- Born: September 24, 1965 (age 60) Whitefish Bay, Wisconsin, U.S.
- Education: American University Juilliard School (BFA)
- Occupation: actor
- Years active: 1990–present

= Paul Michael Valley =

American television and stage actor (born 1965)

Paul Michael Valley (born September 24, 1965) is an American television and stage actor.

==Early life and education==
Valley was born in Whitefish Bay, Wisconsin. When he was eight years old he moved with his family to Greenwich, Connecticut. In 1984 he moved to Washington, D.C., where he attended American University for two years, followed by a year as an apprentice to Michael Kahn, the artistic director of the Shakespeare Theatre Company. Valley then attended the Juilliard School in New York City, where he was a member of the drama division's Group 20 (1987–1991).
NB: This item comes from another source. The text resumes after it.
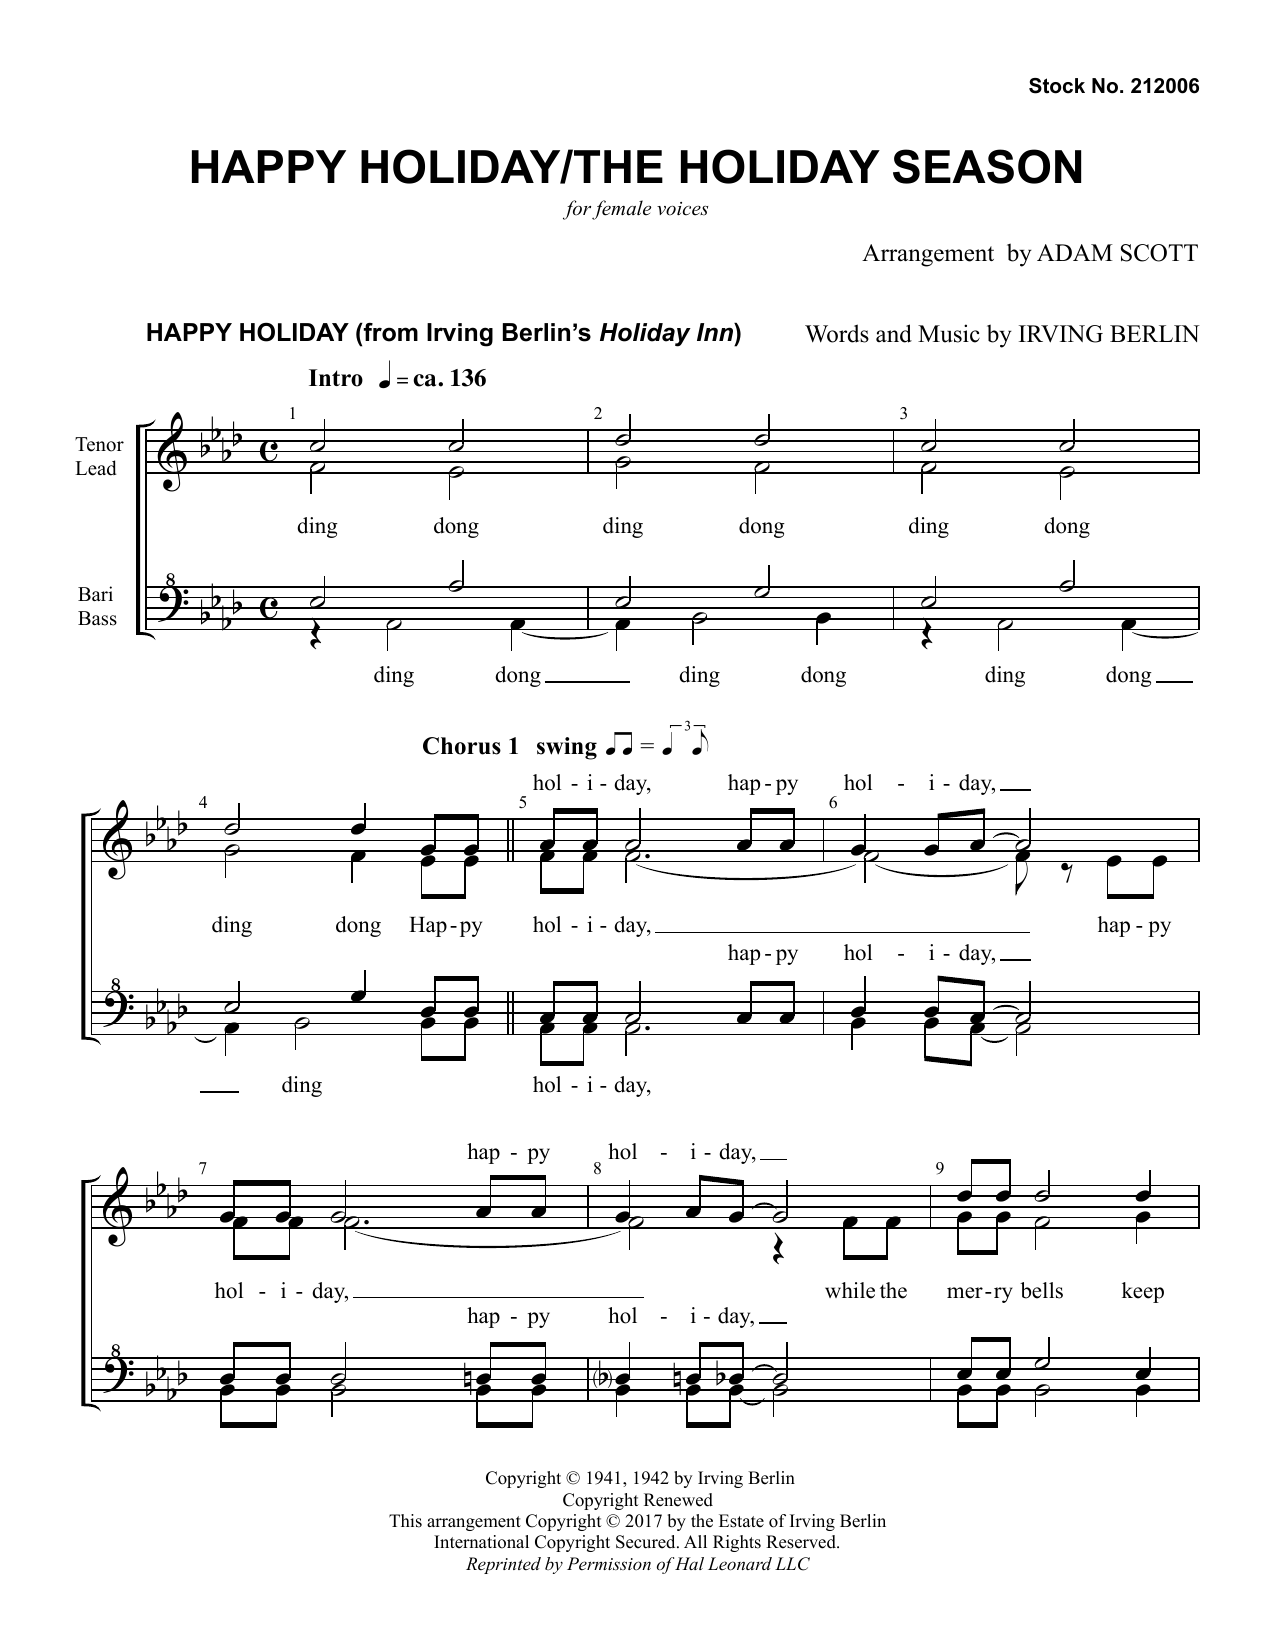 Download Andy Williams Happy Holiday/The Holiday Season (arr. Sheet Music

After his third year at Juilliard, he left to take on roles in television soap operas.

==Career==
Among his numerous television credits, his most memorable and long-lasting role was his portrayal of Ryan Harrison on the soap opera Another World from 1990 to 1995. He left the show, and executive producer Jill Farren Phelps had his character shot to death by his brother Grant (Mark Pinter).
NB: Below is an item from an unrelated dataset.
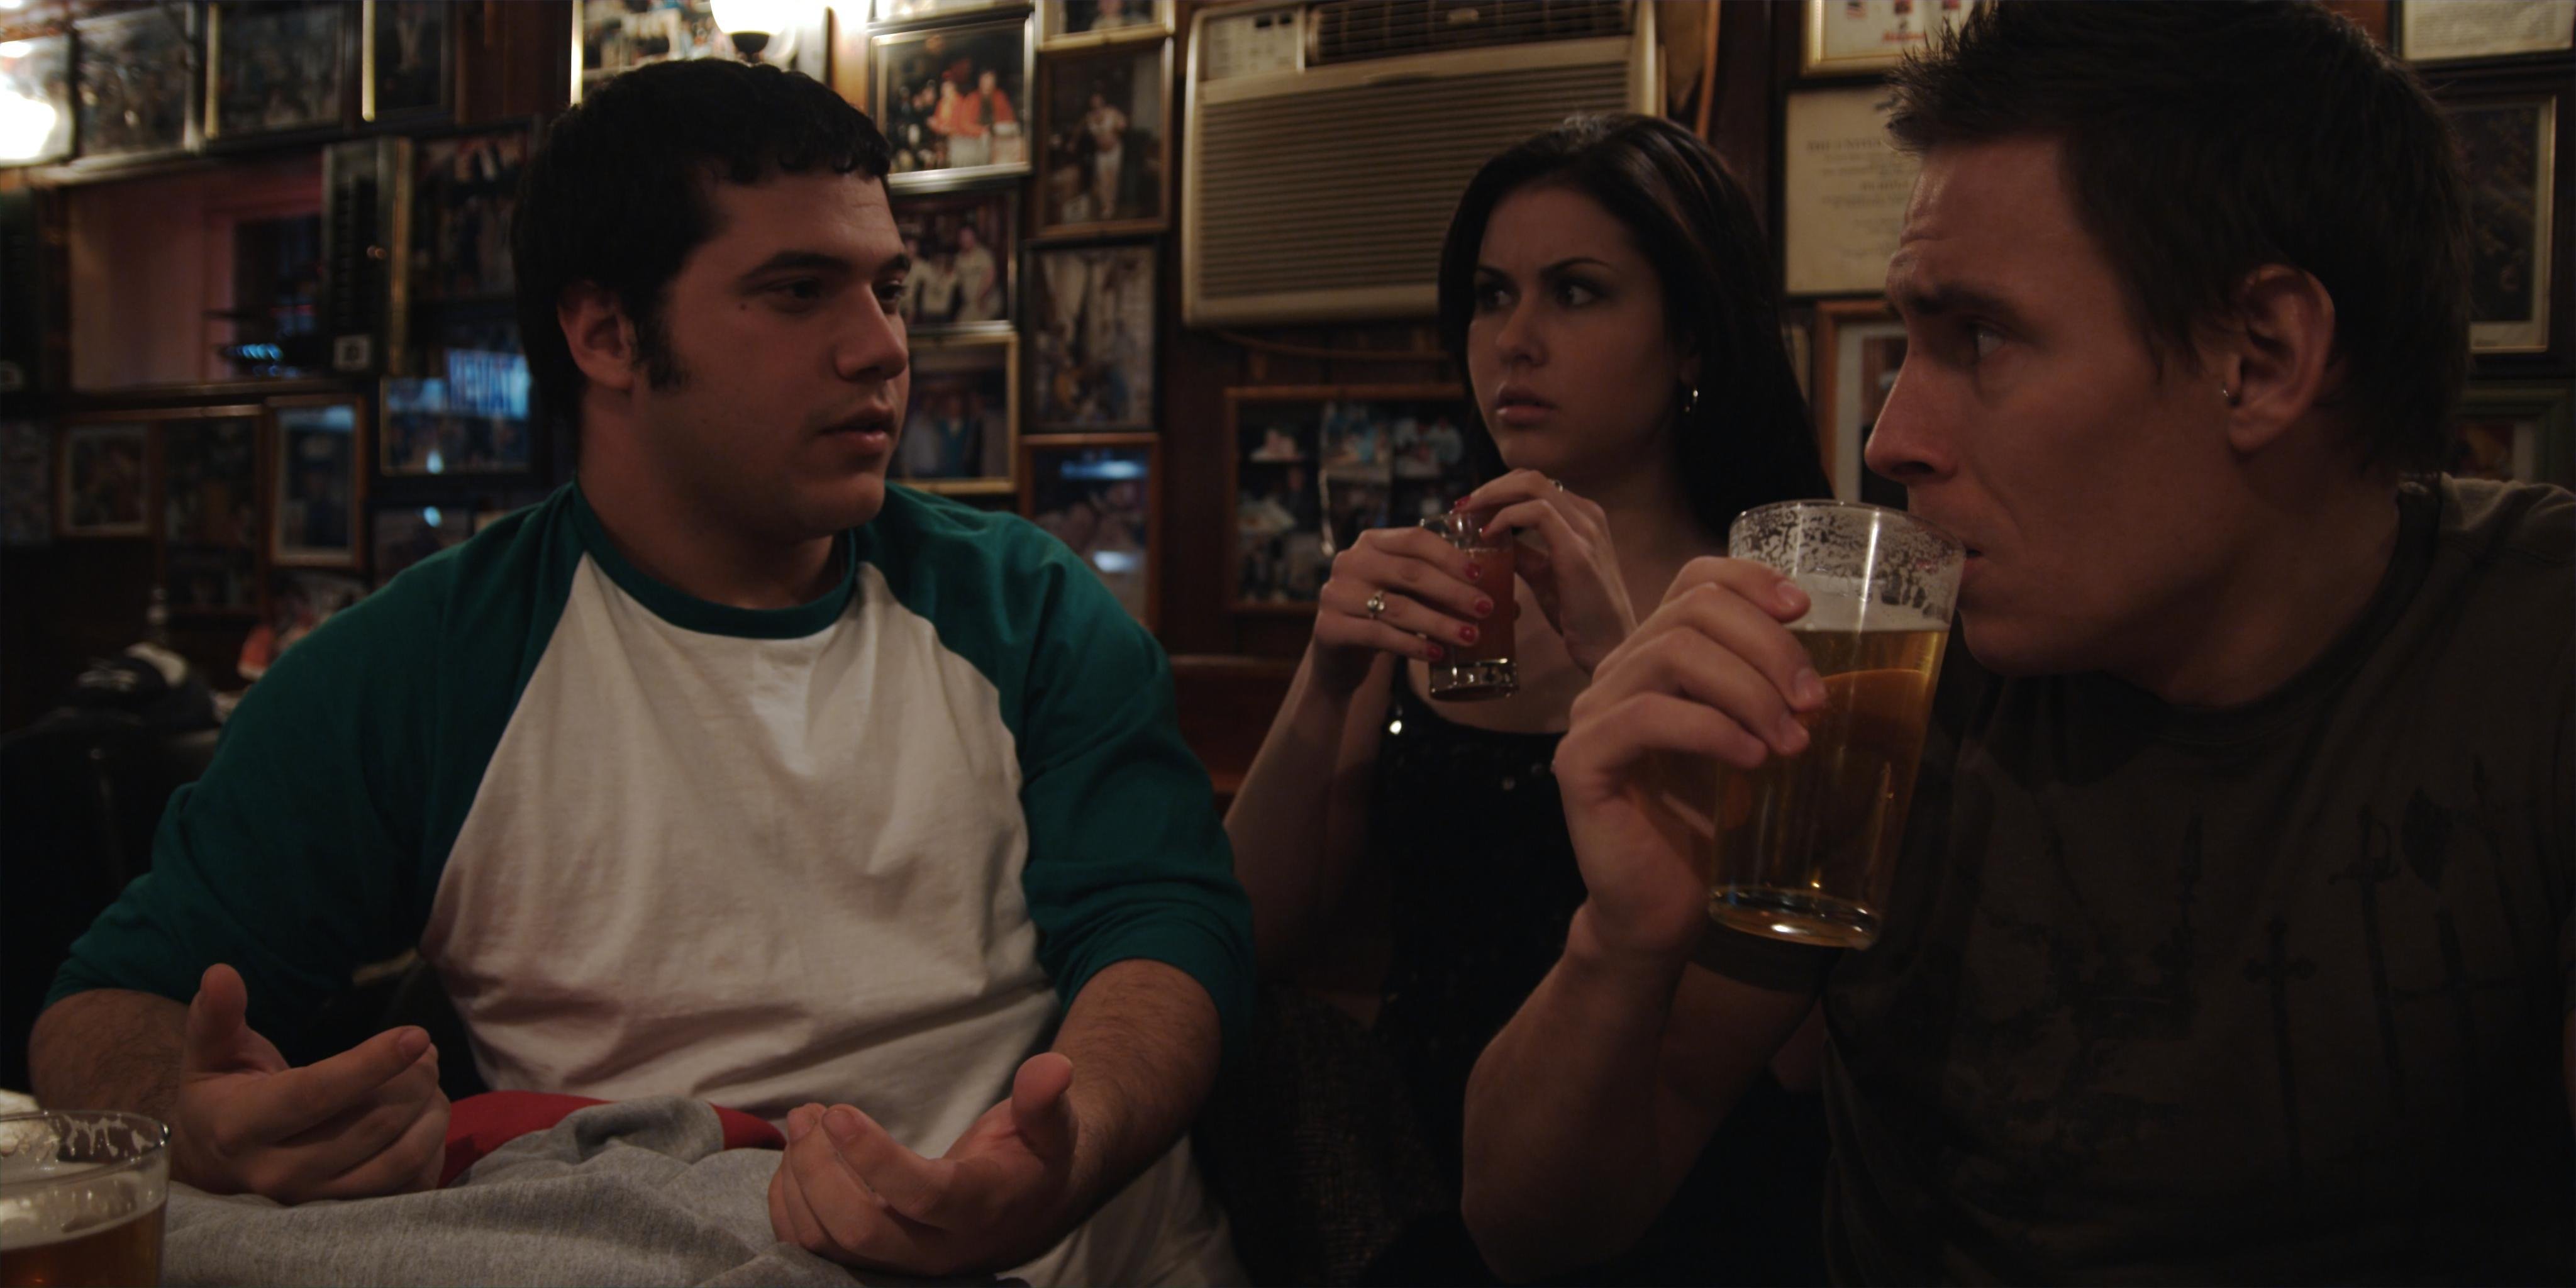 Screen shot from the bar scene of Swooped with characters Jack, Julia, and Stan.

Valley then took on stage roles, including Bertram in All's Well That Ends Well at the Shakespeare Theatre and as Thomas Jefferson in 1776 at the Roundabout Theatre, which moved to Broadway in 1997. He followed that with work in regional theater and also appeared in guest roles on the television series Third Watch, Ed, and Law & Order: Special Victims Unit.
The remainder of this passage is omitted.